Mad Men was a great television show because it gave viewers a glimpse into the opaque world of advertising during its heyday. It allowed viewers to partake in the gamified process of winning minds and guiding people into buying products – to feel like they were in the room while these ideas were taking shape. This tactical and creative way of interacting with people and commerce felt like a game for elites - like a specialized and secretive industry filled with powerful people, wealth and high stakes decision making. Still, for decades advertising remained a siloed industry. It was separate from the truest creatives, divided culturally from poetry, music and fine art. There were compelling exceptions - Dali designing logos for lollipops, Warhol's legacy as an illustrator - but still people preferred to think of cultural production as a sexier practice, something that was largely untainted by the cynicism of “making money”.
The advent of social media was transformative for brands for a number of reasons. It allowed them to collect data, to shift from demographic marketing into user-specific consumer profiles that could anticipate the wants and needs of individuals. It also allowed the work that people do in building brands to become sexy - to erode the divisions between elite and commercial cultural production in the eyes of the public.
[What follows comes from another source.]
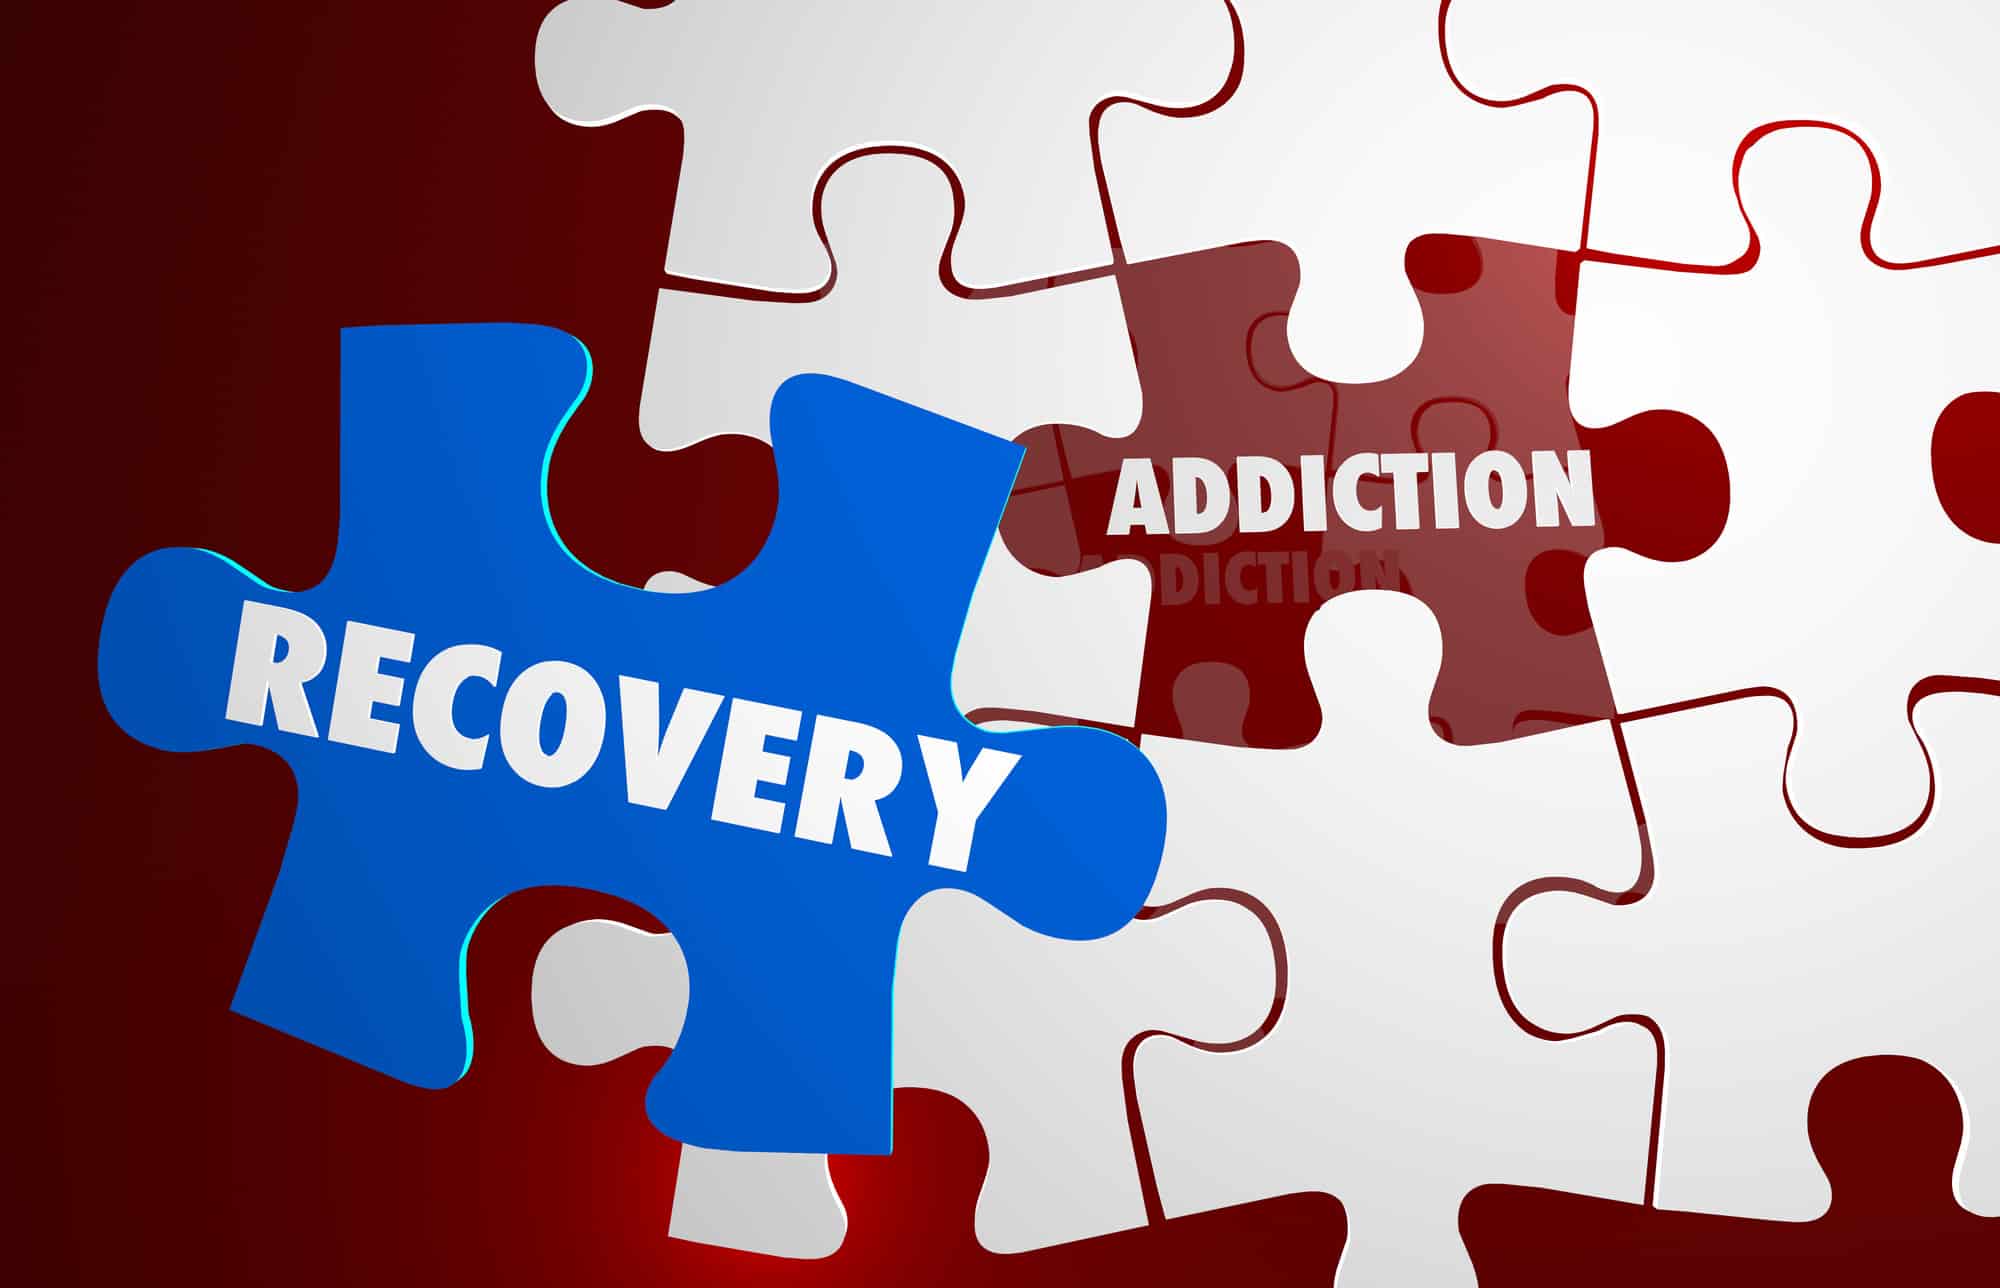 drug addiction recovery

Today you're just as likely to follow a creative director as you are a fine artist as you are the brand that employs them both. In a way it's all laid bare. The same tools that allowed brands to mine their audiences for data equipped the public with the means to educate and explore how branding works. This interesting tension gave rise to a new demographic of creators we call, “Paraprofessionals.”
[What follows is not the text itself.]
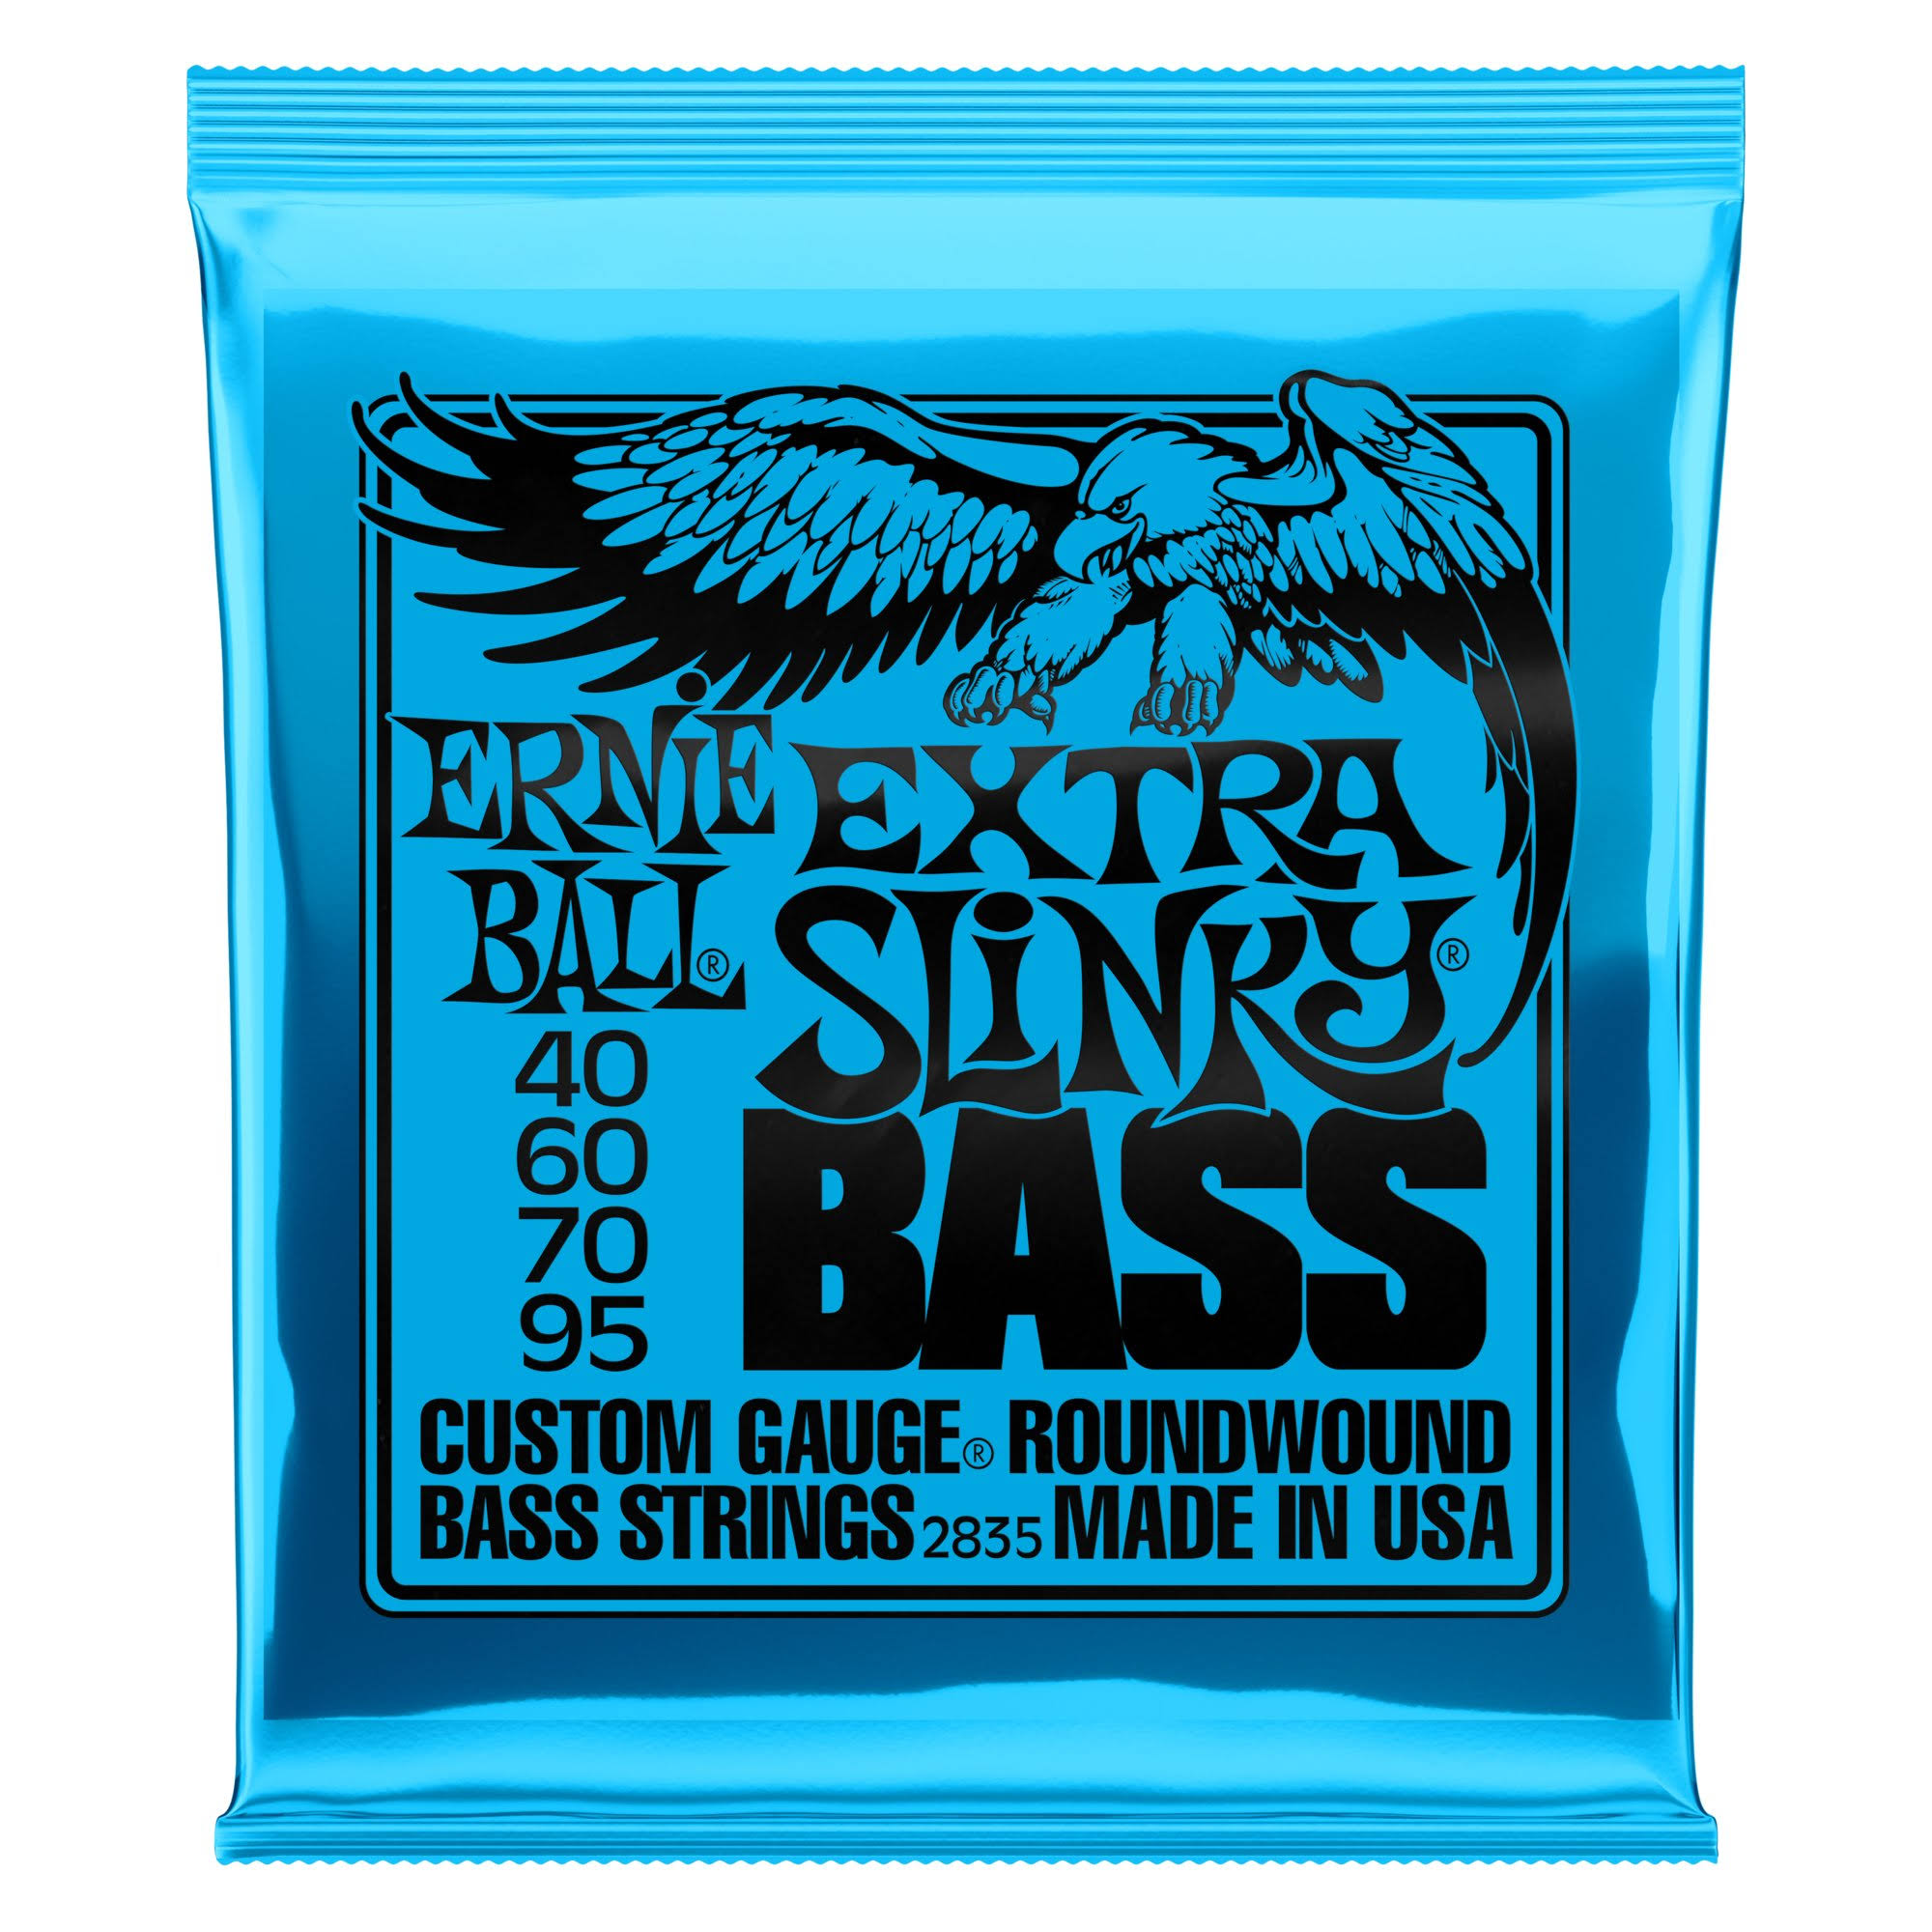 Ernie Ball Nickel Wound Bass Strings - Extra Slinky, 40-95

Paraprofessionals are people who become self designated experts on an industry that they don’t truly belong to – amateur trend forecasters, style experts and beauty gurus sharing tips and tricks with the masses online. Often, these content creators use their platform to document their own education in advertising and branding, showing how clothes are made, which trends are relevant and what insights they can observe through their own independent research. This content form has become incredibly popular over the last few years, and today a growing number of consumers seek out content that makes them feel like experts. As a result the meta dialogue around brand criticism has become a populist endeavor and Paraprofessionals are glorified as leaders who want to show you how it all really works.
Social media enables people to quickly and easily share their thoughts and opinions in an open forum. It also provided them with the tools and resources to decode how brands and cultural production work. This has led to an increased focus on consumer feedback and opinions, which has had a significant impact on how brands are presented and marketed. Companies are now more likely to focus on customer feedback and be in active dialogue with the public throughout their decision making. As a result, the increased “expertise” on social media around brands has been met with an increased seriousness with which these opinions are regarded. In short, people claiming to be experts now have a lot of the status and influence that real experts once had, but without any of the actual knowledge.
This kind of truther, whistleblower, alpha leak energy is all across every scam. The self help guru who wants to show you how to live but has no real credentials to his name. The corporate coach telling you to get a six pack but is also on trial for securities fraud. The crypto-pilled online academic who promises you wealth but seems to live in a shitty apartment. The Paraprofessional says, “trust me I know what I'm talking about, but don't ask me how or why” – a strategy that works perfectly on social media where you can talk to your audience but they can't really talk back. The unilateral “dialogue” of giving people insights and tips that come from an unverified source has produced an entire culture of amateur talking heads who promise to decode how things work and lead you to success.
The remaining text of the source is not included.